Re: Fwd: Fwd: Postgres attach partition: AccessExclusive lock set on different tables depending on how attaching is performed

Alvaro Herrera <alvherre@xxxxxxxxxxxxxx> · Wed, 13 Nov 2024 12:49:49 +0100

On 2024-Nov-10, Tom Lane wrote:

> This surprised me a bit too, because I thought we took a
> slightly-less-than-exclusive lock for FK additions or deletions.
> Tracing through it, I find that CloneFkReferencing opens the
> referenced relation with ShareRowExclusiveLock as I expected.
> But then we conclude that we can drop the existing FK enforcement
> triggers for the table being attached.  That causes us to take
> AccessExclusiveLock on the trigger itself, which is fine because
> nobody's really paying attention to that.  But then RemoveTriggerById
> takes AccessExclusiveLock on the trigger's table.  We already had
> that on the table being attached, but not on the other table.

Oooh.

> I wonder whether it'd be all right for RemoveTriggerById to take
> only ShareRowExclusiveLock on the trigger's table.  This seems
> OK in terms of basic semantics: that's enough to lock out
> anything that might want to fire triggers on the table.  However,
> this comment for AlterTableGetLockLevel gives me pause:
> 
>  * Also note that pg_dump uses only an AccessShareLock, meaning that anything
>  * that takes a lock less than AccessExclusiveLock can change object definitions
>  * while pg_dump is running. Be careful to check that the appropriate data is
>  * derived by pg_dump using an MVCC snapshot, rather than syscache lookups,
>  * otherwise we might end up with an inconsistent dump that can't restore.
> 
> I think pg_dump uses pg_get_triggerdef, which is probably not
> safe in these terms.

Looking at pg_get_triggerdef_worker, it is not using syscache but a
systable scan, which uses the catalog snapshot.  A catalog snapshot is
indeed implemented as an MVCC snapshot (so strictly speaking it _is_ an
MVCC snapshot), but the invalidation rules are different from a normal
MVCC snapshot, so AFAIU it's still unsafe.

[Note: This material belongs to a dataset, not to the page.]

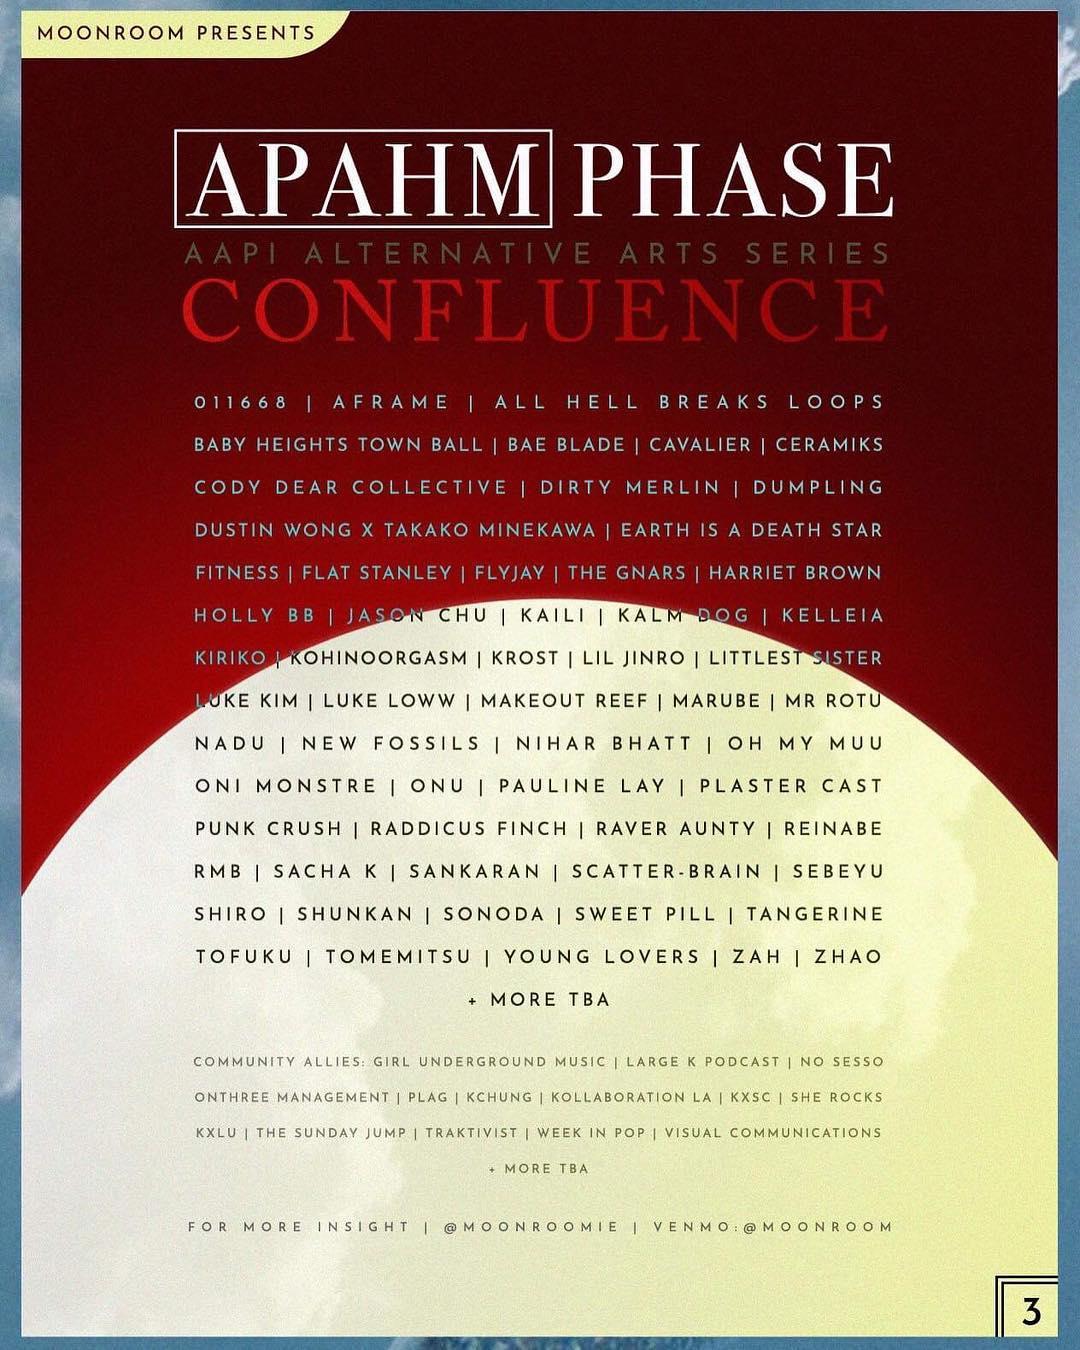 apahm phase confluence week in pop flyer.jpg

> An alternative answer might be what Alvaro was muttering about
> the other day: redesign FKs for partitioned tables so that we
> do not have to change the set of triggers when attaching/detaching.

Hmm, I hadn't thought about this idea in those terms, but perhaps we
could reimplement this by not having one trigger for each RI check, but
instead a single trigger which internally determines which FK
constraints exist on the table and does the necessary work in a single
pass.  Then we don't need to add/drop triggers all the time, but we just
add it with the first FK in the table, and remove it when dropping the
last FK.

For tables with many FKs, this could be a win, because we'd only go
through the trigger machinery once.  If a table has both outgoing and
incoming FKs, maybe we could have _one_ single trigger.

(I think this would be orthogonal with the project to stop using SPI for
RI triggers.)

-- 
Álvaro Herrera         PostgreSQL Developer  —  https://www.EnterpriseDB.com/